One company that had a notable presence at the Brooklyn 5G Summit is National Instruments. NI made headlines in the days prior by announcing a generous donation to the NYU WIRELESS academic research center. The donation is intended to assist research efforts at NYU WIRELESS regarding 5G communications and beyond. Thanks to that donation, NYU WIRELESS labs will be able to take advantage of hardware and software from NI’s flexible software-defined-radio (SDR) solutions.
Visitors to the exhibition were able to take in several demonstrations from NI. One of them was the same 5G over-the-air (OTA) test solution that was first shown at the IEEE Wireless Communications and Networking Conference (WCNC) in March.
James Kimery, director of marketing for RF, communications, and software-defined radio (SDR) initiatives at NI, led a walk-through of the demo. “This is one of the first OTA demos based on Verizon’s 5G specification,” said Kimery. “What’s interesting is that it’s actually a MIMO setup at 28 GHz—and it’s the full spec. You can actually test the full bit rate.”

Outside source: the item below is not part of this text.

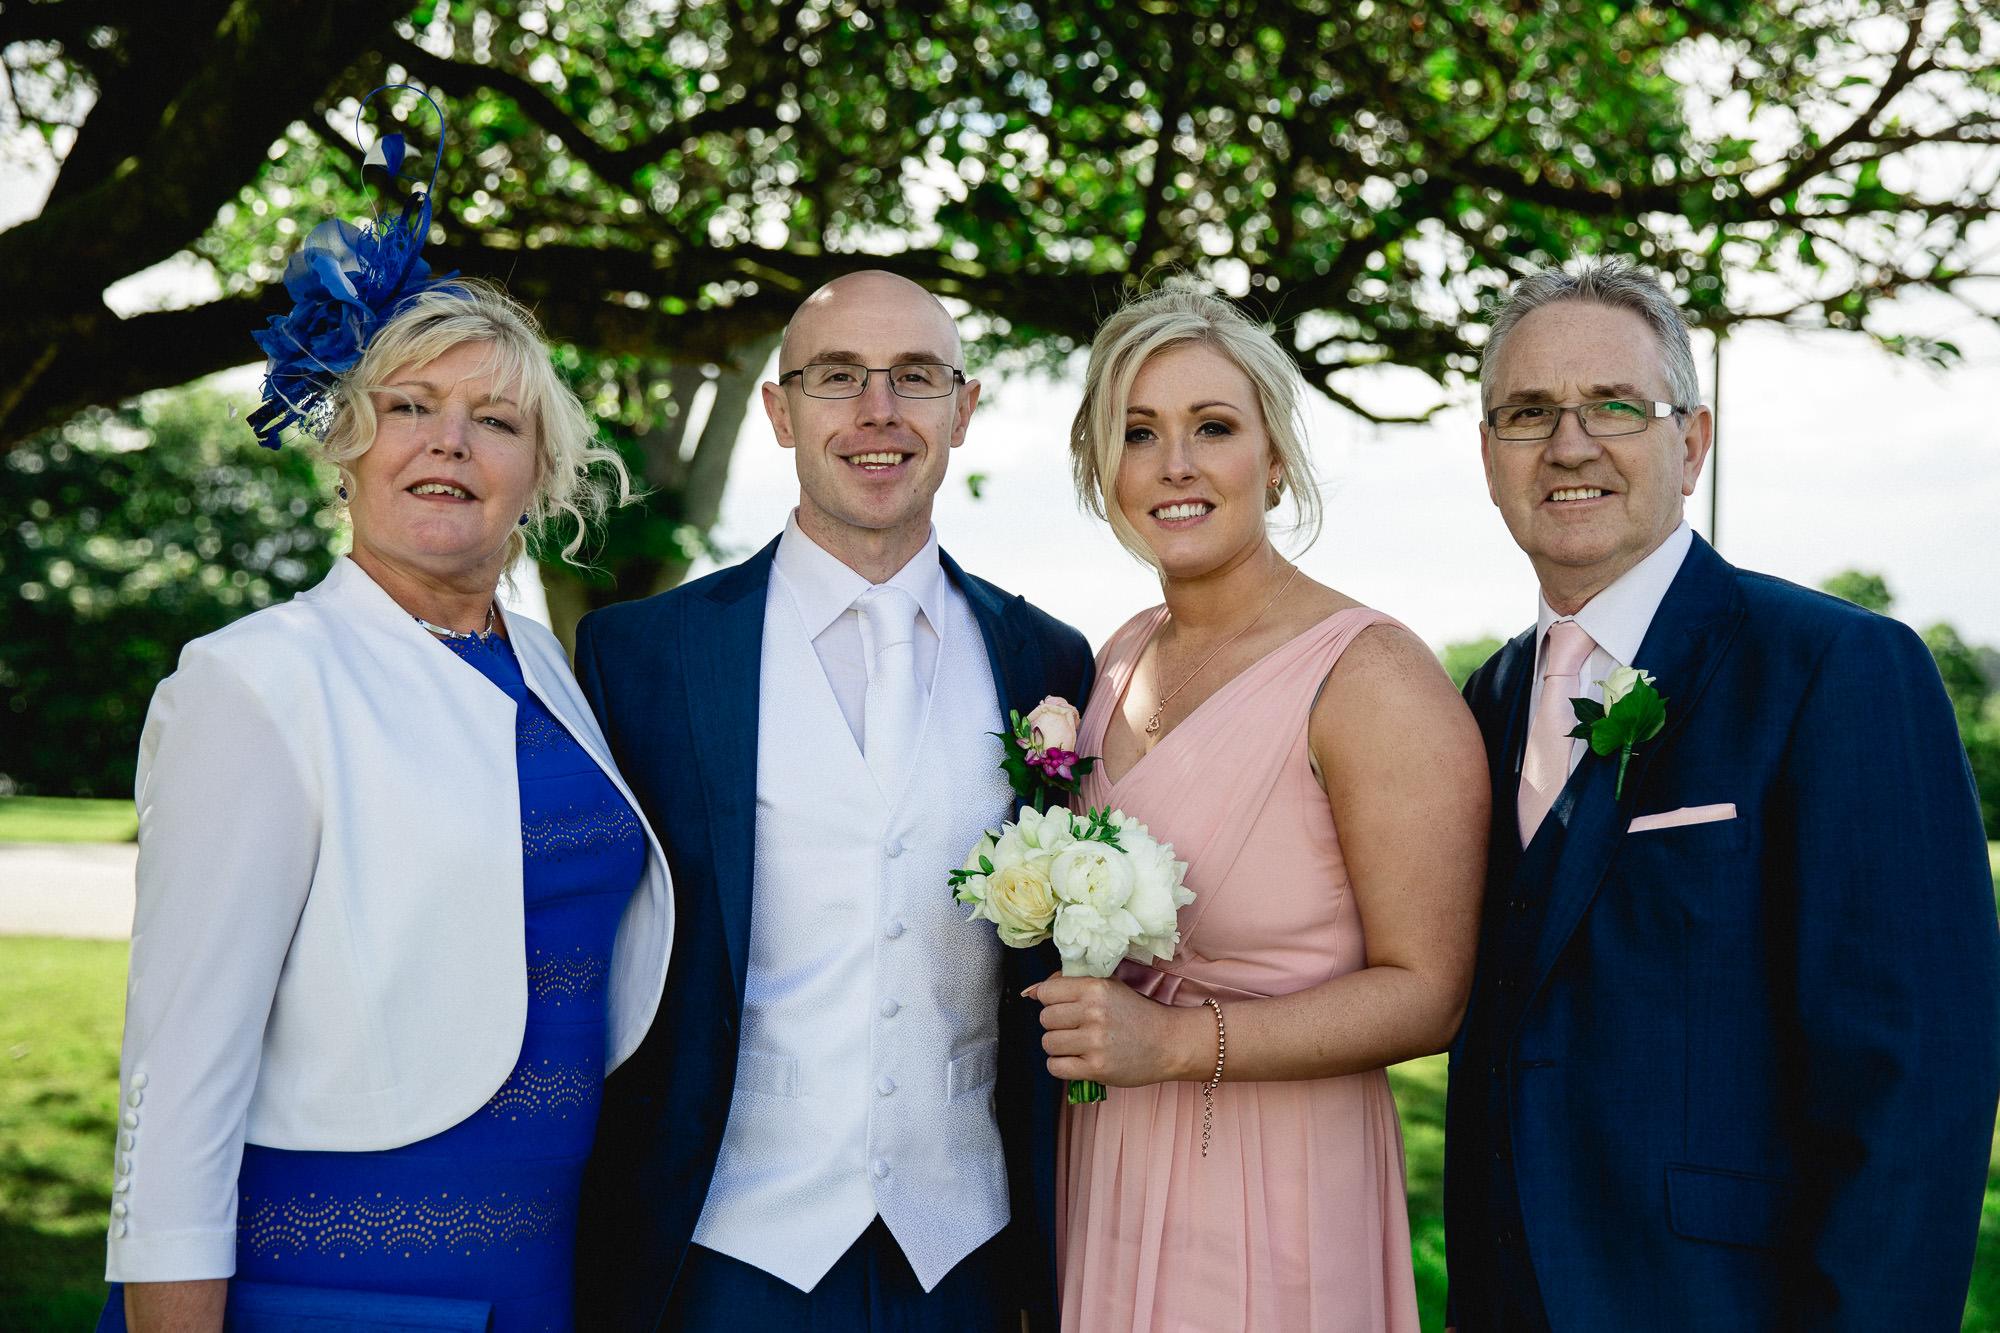 CLAIREBYRNEPHOTOGRAPHY-WEDDING-Ireland-tulffaris-alternative-fun-Lisa-terry-28.jpg

Kimery continued, “We announced the baseband portion of the system last year. And we recently announced our 28-GHz heads, which have both transmit and receive capability. Another key technology is the phased-array antennas. This technology allows for real-time control of the beams in the array, which is really important. What’s good about this is that researchers can experiment with the beams to understand how the beams are shaped and then optimize performance that way.”
The Porcupine Channel Sounder
Also demonstrated was AT&T’s channel sounder, which was created in collaboration with NI. The channel-sounding system, referred to by AT&T as the “Porcupine,” uses the same aforementioned 28-GHz heads. However, the difference is that it connects to the Porcupine on the receive side.
“We’re using some advanced techniques,” noted Kimery. “A typical channel sounder will have two horn antennas—one for transmitting and one for receiving. Those horn antennas are rotated using a servo motor to cover 360 degrees. This system does everything automatically. There are switches inside to go through each of the horns in less than 150 ms.”
According to Kimery, the fast measurement speed of the Porcupine is highly beneficial. He explained, “The speed allows you to take measurements faster. You can capture 2 GHz of bandwidth from four streams and have all the measurements done in 150 ms. The normal way is to take a snapshot, move the antenna, take another snapshot, etc. But that process only acquires the data. You then have to take that data and post-process it. This new system takes 4X or more data than a typical channel sounder and processes it an order of magnitude faster.”
Kimery added, “The other benefit of this channel sounder is that it allows you to know how a channel really behaves. If you’re taking snapshots and moving a servo, there is a time gap between snapshots. This system can quickly take 360-degree measurements, allowing you to get a good picture of what the channel looks like in real-time.”
The NI donation is also spurring channel-emulation development at NYU WIRELESS. Kimery said, “With channel sounding, you get an accurate picture of the channel. But now you want to try some different things without having to go over the air.” In essence, channel emulation allows one to test real hardware without even needing to transmit signals over the air.
Aditya Dhananjay, a postdoctoral research fellow at NYU, is driving channel-emulation development efforts. He stated, “If you have to test wireless systems, you need to do testing in various scenarios. This over-the-air testing is very expensive and time-consuming.
“We can connect the transmitter and receiver to a box, known as an emulator, instead of transmitting a signal over the air,” added Dhananjay. “The emulator will take the signal from the transmitter and modify it as if it has gone over the programmed wireless channel. The resulting signal is then given to the receiver. So you can test the transmitter and receiver while sitting in the comfort of your lab without having to go outdoors and do measurements.”
This article only covers some of the activity taking place at NYU WIRELESS. But it is clear that NYU WIRELESS and NI together are helping to pave the way for 5G communications. While much work still needs to be done before 5G becomes a reality, the partnership of NYU WIRELESS and NI will surely drive the technology to make it finally happen.